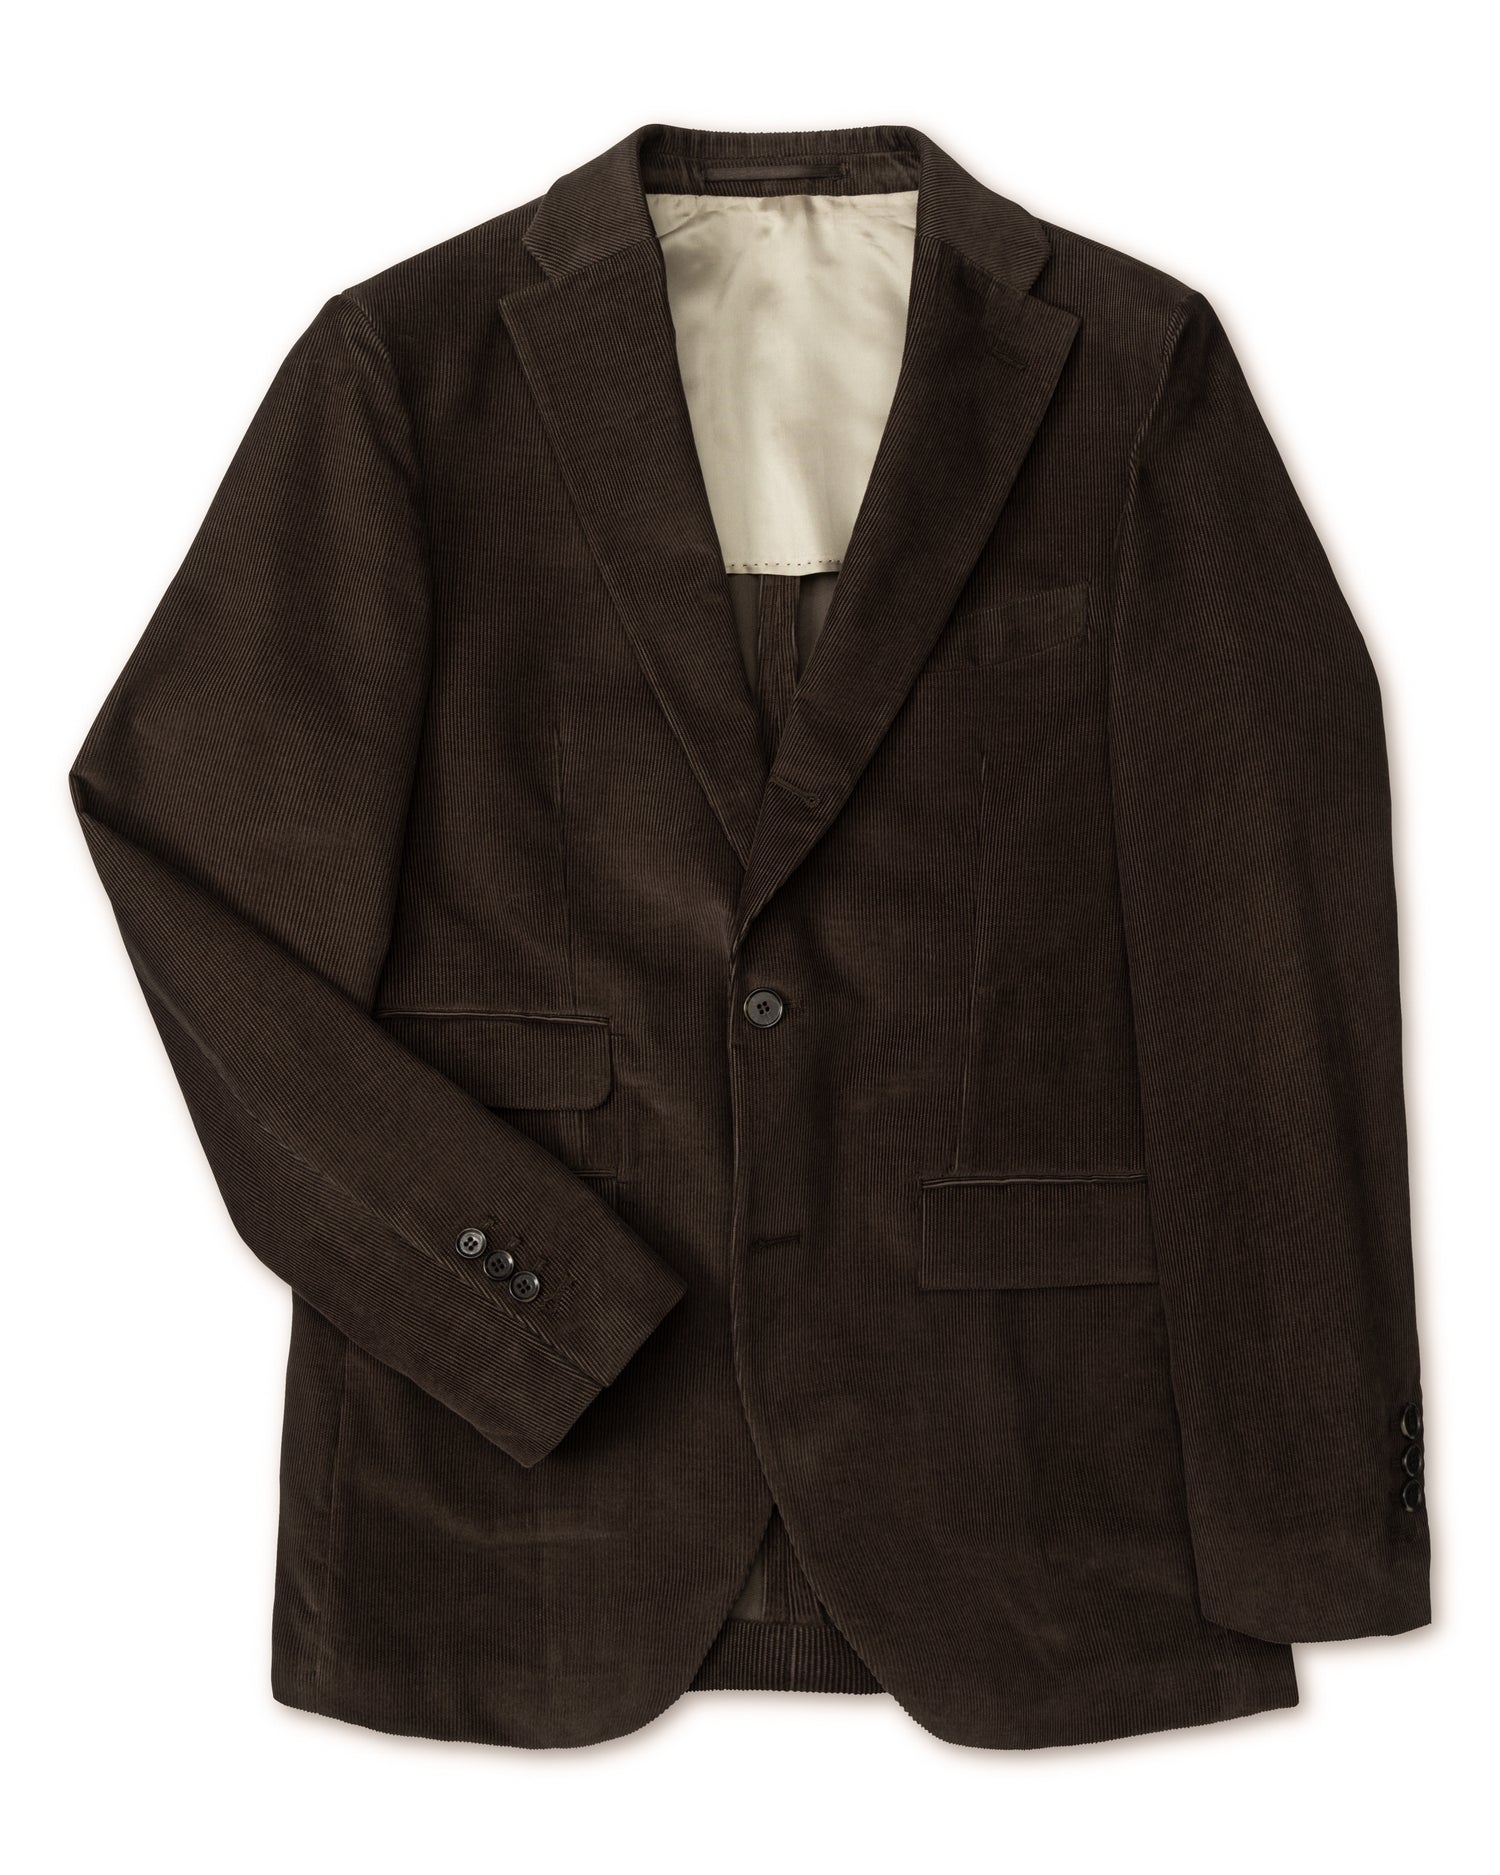 Brown Corduroy Suit in Slim fit (8456822063434)
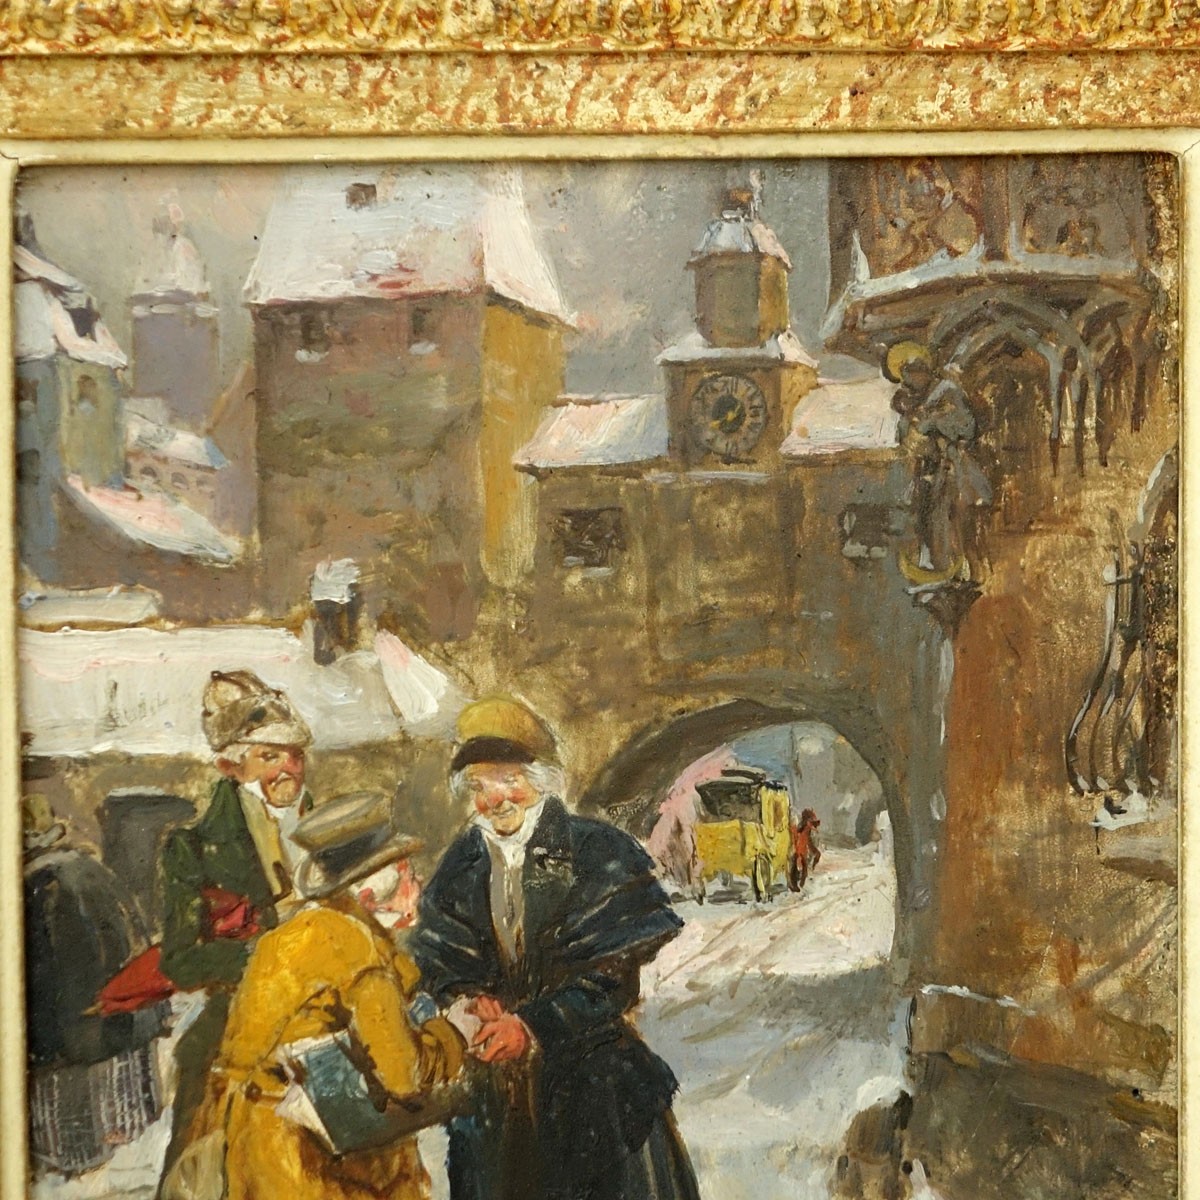 Wilhelm Roegge I, German  (1829 - 1908) Oil on Board, Street Scen
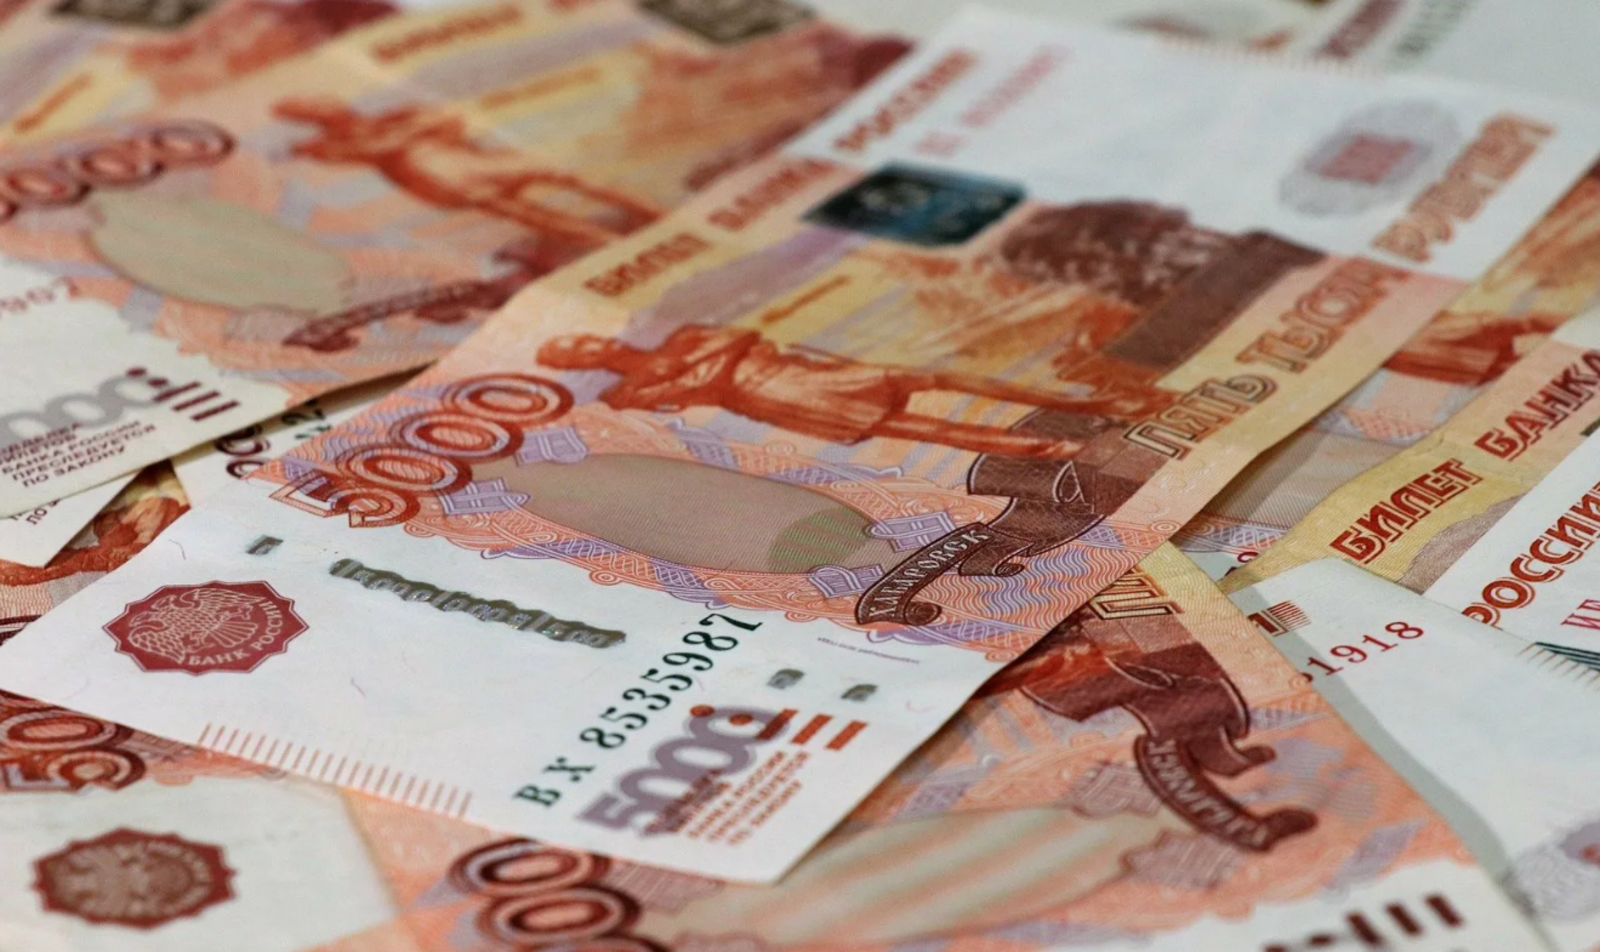 Жители Башкортостана в возрасте до 25 лет смогут получить федеральные гранты на открытие своего дела

================

Task to carry out: Omitting all pictures, restate word for word the lines from the one containing "Wilhelm Roegge I, German" through the last line of the data.

Answer to this exercise:
 Wilhelm Roegge I, German  (1829 - 1908) Oil on Board, Street Scen
 Жители Башкортостана в возрасте до 25 лет смогут получить федеральные гранты на открытие своего дела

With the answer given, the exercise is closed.